The pulse sequence from Figure 1B was used to obtain the isotropic couplings for the ternary mixture shown in Figure 2. All ¹H-¹⁵N correlations were observed in the reference spectrum (Figure 2A), and the sub-spectra for each component was obtained by using spectral editing of the suppressed spectra (Figures 2B-D). Weak alignment was then introduced using pf1 phage (12 mg/ml), and the couplings were re-measured to obtain backbone RDC values for the well-folded proteins ubiquitin and MBP. Back-calculated RDC values based on the crystal structures 1UBQ (ubiquitin)²⁴ and 1OMP (MBP)²⁵ matched well with experimentally measured values obtained in this study (Figure S1, Supporting Information). Outliers from the MBP structure may arise from a small difference in pH (∼7.3 used here, vs. pH of 7.0 used previously) and possibly from the slightly different construct used in this study which has an N-terminal His₆ tag and an artifact of a TEV-cleavage site that left four extra residues at the C-terminus.²⁶ Thus, coupling values from this single sample were sufficient to define the backbone conformational space of these structured proteins, along with their relative alignment tensors.
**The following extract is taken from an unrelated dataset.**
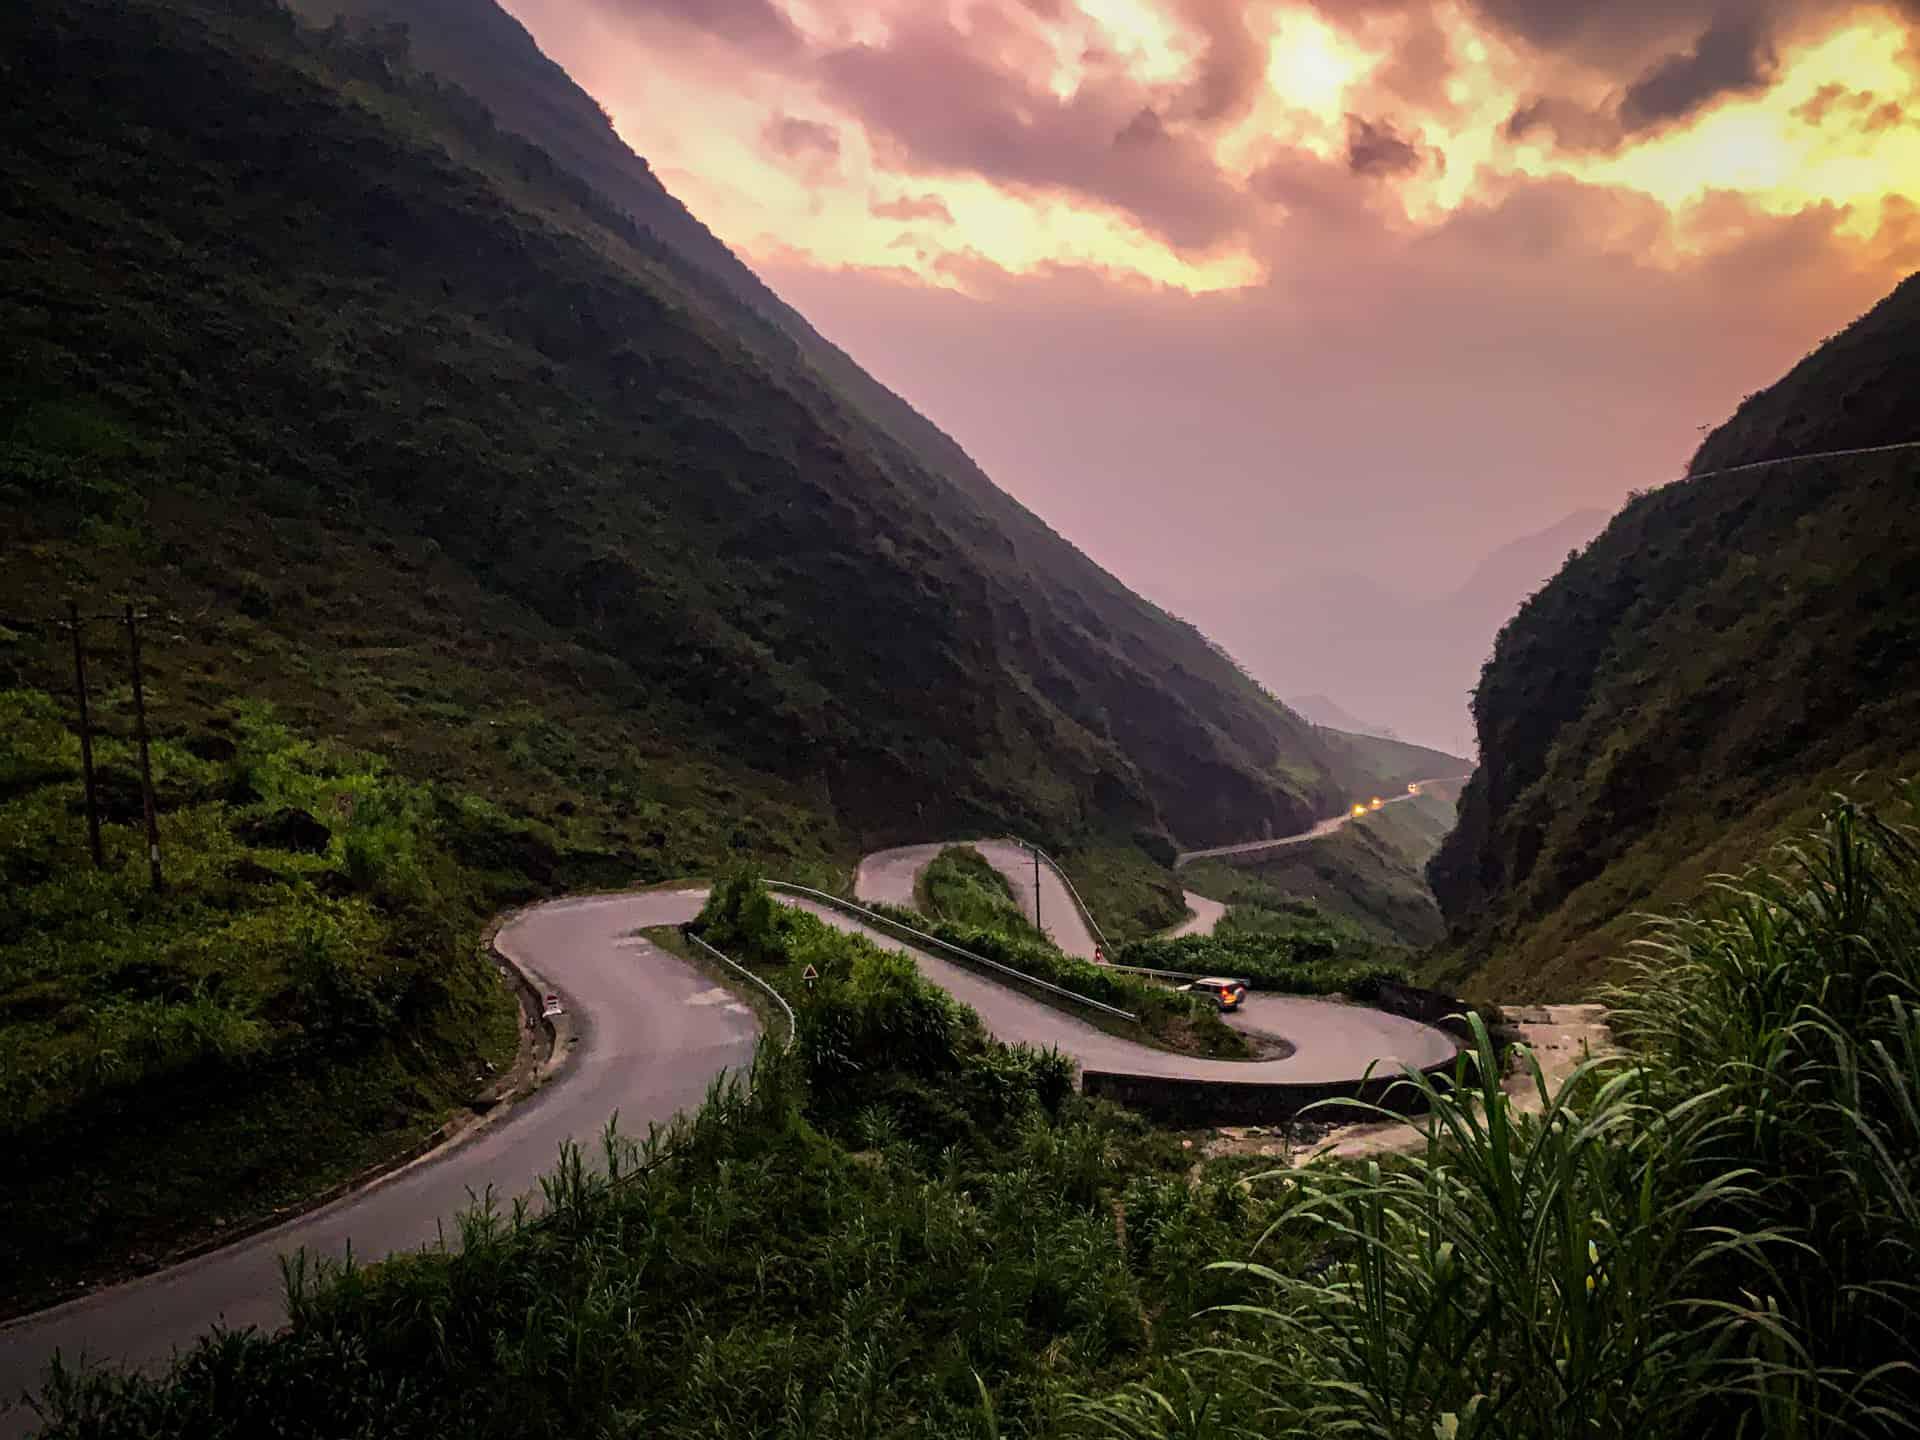 Winding road at sunset Ha Giang Motorbike loop

This new approach to measuring backbone RDC values in a ternary complex eliminates the need for multiple samples, removes errors from sample inconsistencies, and ultimately reduces costs related to the preparation of multiple samples. Although shown only for a tertiary mixture of proteins, this approach will work for soluble and membrane proteins, so long as the reference HSQC experiment can be obtained. In the case of membrane proteins, lanthanides or polyacrylamide gels may be used to introduce weak alignment so that the detergent or bicelle are not perturbed.^16,27

When a binary mixture of proteins is studied, the signal-to-noise (S/N) resulting from the pulse sequence (Figure 1A) used to detect the ¹⁵N-labeled species is √2 higher than approaches that rely on a HNCO-based sequence,¹⁸ as has been proposed recently.^20,21 In addition, the time period in which magnetization is transverse in HNCO-based experiments is ∼68 ms, whereas the sequences presented here only require half this time period (∼33 ms) for a binary mixture or ∼49 ms for a ternary mixture. Our laboratories have shown that, for large proteins, the constant-time spin-echo filter used in this approach has superior S/N and works well when HNCO-based sequences provide insufficient S/N, particularly in cases which T₂ values are less than ∼50 ms.¹⁸

In summary, we present a new approach for the acquisition of backbone amide RDCs for binary or ternary complexes using a single sample. Together with the applicability of these sequences to monitor chemical shift perturbations in titration experiments,¹⁹ this method provides useful orientational restraints for high-resolution studies of protein complexes.¹¹ Since numerous biological processes rely on protein assemblies or transient interactions, this approach should be well suited for a wide range of applications.